Introduction

Idiopathic scoliosis when untreated or not treated properly may lead to severe complications related to curve progression. Delay in diagnosis and treatment, as well as aggressive patterns, can lead to severe idiopathic curves. Expert consensus has determined a maximum waiting time of 6 months for surgery in patients with adolescent idiopathic scoliosis (AIS) [1]. Recent studies have shown that this period may be too long for some patients, in whom a 3-month period may be the maximum acceptable wait time for surgery [2]. Patients who wait more than 3 months for idiopathic scoliosis surgery have higher probability of adverse events and revision surgery rates. The highest risks of adverse events due to prolonged wait times occur in patients who are skeletally immature and have larger curvatures of the spine. The feasibility of meeting an ideal access target has resource implications: Sufficient operating room time, spinal surgeons, hospitals and funding are necessary [3].

In developing countries, the ideal waiting time for scoliosis surgery is not a reality and the wait lists can reach more than 5 years [4]. Generally, severe idiopathic scoliosis patients are first seen in a spine centre after years of deformity evolution, presenting with large curves, severe rib hump, shoulder and trunk imbalance and cardiorespiratory complications related to neglected scoliosis.

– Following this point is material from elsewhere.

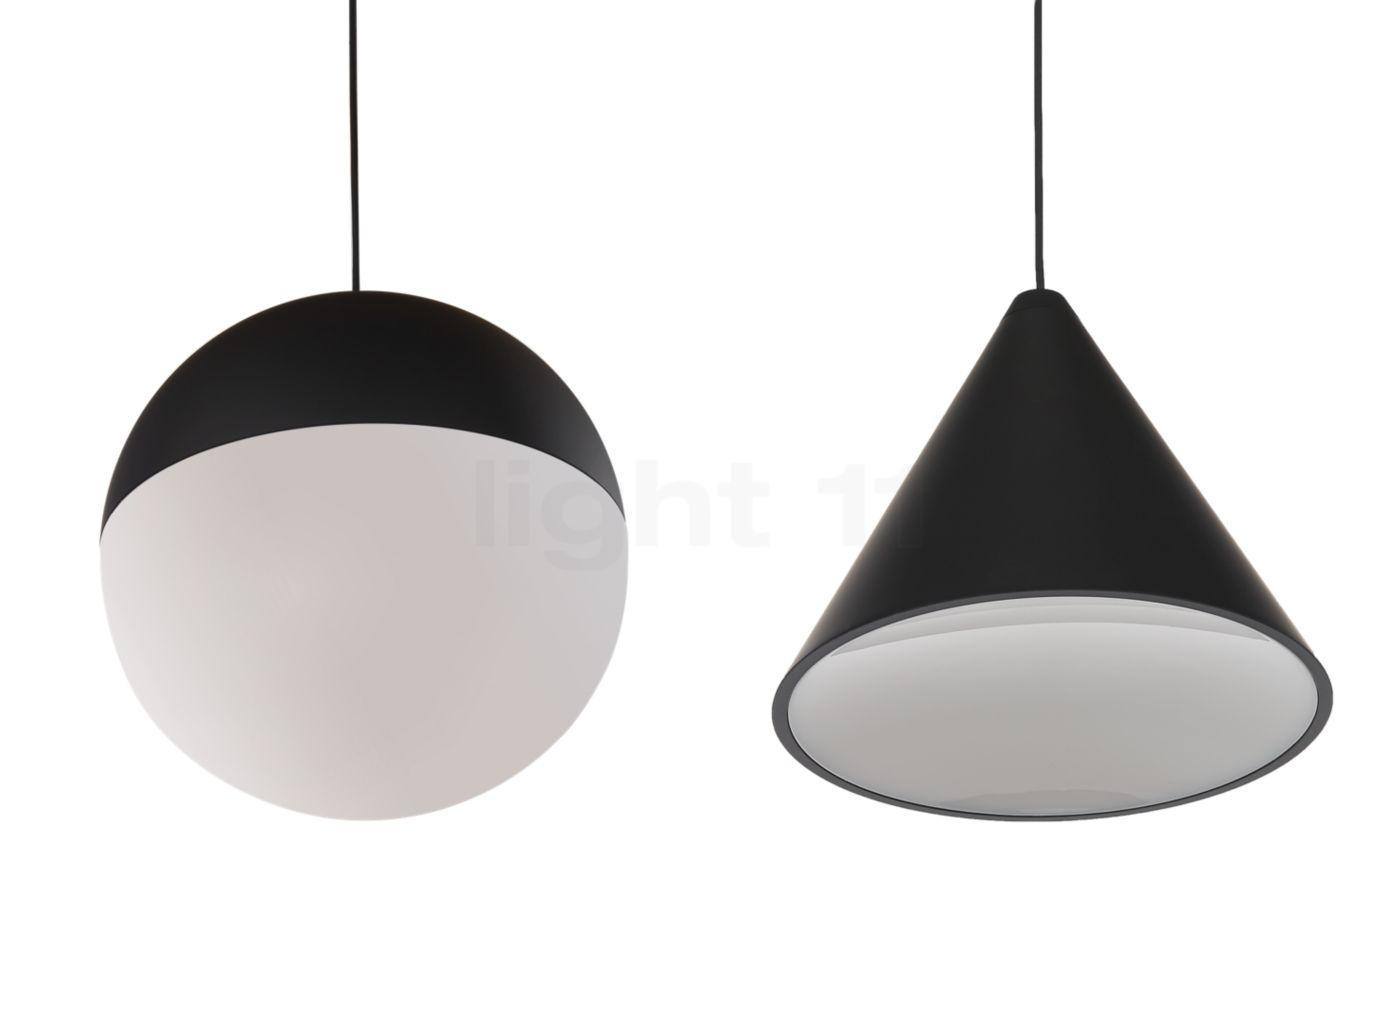 Flos Plafoniere Soffitto : Flos string light

Severe rigid idiopathic scoliosis has <25 % of correction on bending films and major curve over 90° [5]. Adequate mobilization of this type of deformity is necessary to achieve maximal correction, often requiring more extensive surgical intervention, with care taken to avoid clinical and neurological complications. Halo traction, internal temporary distraction, releases, osteotomies and apical vertebral resection are often used in combination to achieve optimal results. These techniques are often a component of extensive surgeries and require meticulous surgical planning that includes consideration of the curve location, magnitude and stiffness of curve and sagittal and coronal balance. Patient’s overall medical condition and ability to tolerate extensive procedures, surgeon’s skills and available resources will dictate management.

Halo traction

Large stiff spinal deformities are challenging to treat, and their rapid or extensive correction is associated with increased neurological risk. Spine traction, internal or external, allows progressive improvement in spinal deformity, diminishing the stress on implants applied to the curve and giving the opportunity for easy and rapid neurological monitoring by clinical examination while patient is in traction [6]. External traction is applied with cranial halo and counter-traction through femur, pelvis or body weight (gravity). Internal traction is done through distraction rods anchored to the curve ends. External traction can be applied preoperatively, intraoperatively or in-between surgical times on staged procedures. The authors use halo-gravitational traction in severe scoliosis treatment, performing Ponte osteotomies on first approach, then applying increasing traction over a period of 2–4 weeks. After this traction period, the final correction is done, with other osteotomies or releases as needed [7].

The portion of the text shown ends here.